EVGA responded by sending out thermal pads to people, issuing a new BIOS with a more aggressive fan curve and eventually just plain replacing the affected models with FTW2 revisions. Personally, I've always thought that EVGA's coolers weren't that great. Most of the EVGA cards I've had have been pretty loud. The reason most people shill them so hard is because of their warranty service, but even that isn't so great for UK owners any more. They shut down their UK service centre, so now you have to ship the card all the way to Germany. Anecdotally, I've also found their email support to be pretty unhelpful and disinterested.

As for what's best right now, it's Asus without question. I really don't like Asus as a company either (and they're apparently bad for warranty service too), but they undisputably knocked it out of the park with their recent coolers. The Strix dominates everything in noise-normalised testing, but even the cheaper TUF models are better than almost anything else on the market.

EVGA, Colour me surprised. I had one of those 1080 ftw's still do infact I'm too embarressed to pass it on to anyone worst card I ever owned poor design horrific coil whine overheating VRM's that lead to it black screening all the time, then it turned out there was an issue with the cards. Never owned another EVGA since and they still havn't learned their lesson. The BIOS revision, I remember that I put that in and... the fans wouldn't turn anymore. It was hilarious. Lucky there was a 2nd BIOS you could switch to or the card would have to go in the bin...

Yes this absolutely can happen, it's not the fault of the game it's a fault with the video cards being designed and tested around what is commonly expected use, rather than the extremes.

Some apps can more perfectly load the GPU than others. Most games even though they might read say 99% GPU load aren't actually making efficient use of the GPU, complex sets of instructions that utilize different parts of the GPU can be inefficient if some parts of the GPU are waiting for other instructions to finish. If you more perfectly load the GPU pipeline with work then you can cause unusually high power draw and temps which can damage either the VRMs, the GPU or overload capacitors.

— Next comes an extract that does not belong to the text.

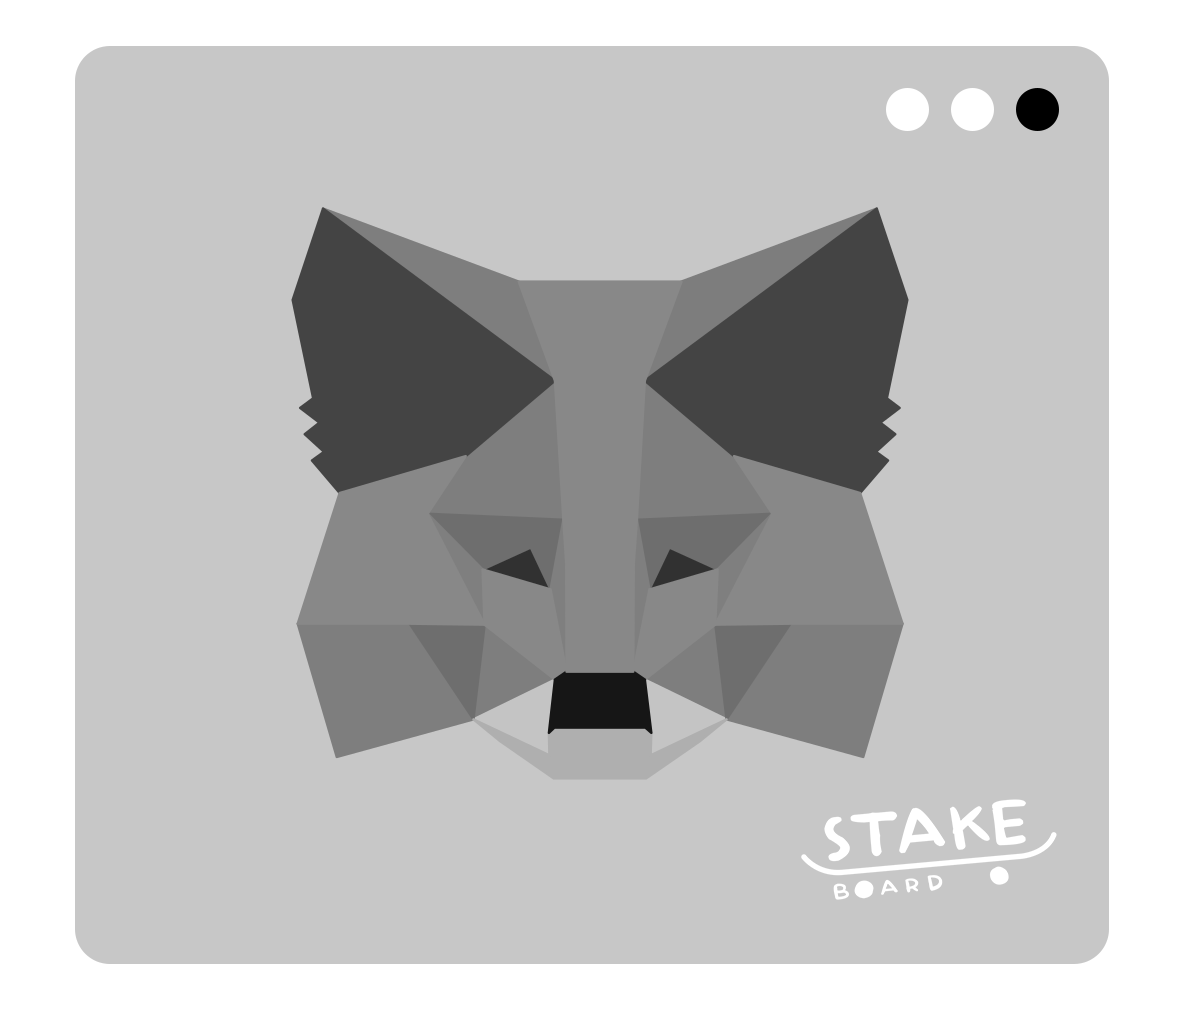 Staking ETH with MetaMask

This happened in the past with Furmark and I believe someone at AMD a while back called this a "power virus" because it draw abnormally large amounts of power which is not typical of games. But just because things aren't typical of games doesn't mean they can't happen in the wild, which is specifically why benchmarking tools test the extremes. If I had to bet I'd say maybe its the menu doing this, if you have a simple 2D menu that has a very simple set of instructions to draw it, and its uncapped so you have thousands of frames per second then that's a good candidate for the problem. People have said it happens after you recall to a new area and that's right as the 2D loading screen pops up to load another zone. People have also complained about extremely high GPU temps in the menu and while queuing in game.

Sidenote, it's a very fun game, I've been playing the beta and love it.

Well yeah Furmark loaded up all the cores in a way that games don't so everything overheated I remember trying it once on a 4870x2 and watching the VRM's hitting 120c+ at which point it shut it down before they went pop the temp was still rising. Its the same issue the overheating VRM's on the 30xxFE cards were having during mining they constantly load the card in a way that games don't, they weren't designed for that kind of use, mining cards exist for a reason. Later manufacturers found ways of detecting Furmark and stopping it from doing its thing I remember early attempts you simply renamed the .exe and away it would go again, later driver revisions were more sophisticated but the principles the same its detecting and load limiting it rather than a more robust design of the hardware.

The EVGA though was bugging out in normal use not Furmark etc a regular gaming session would break it. According to rumour and hearsay the US built versions are better quality the euro cards are just rubbish.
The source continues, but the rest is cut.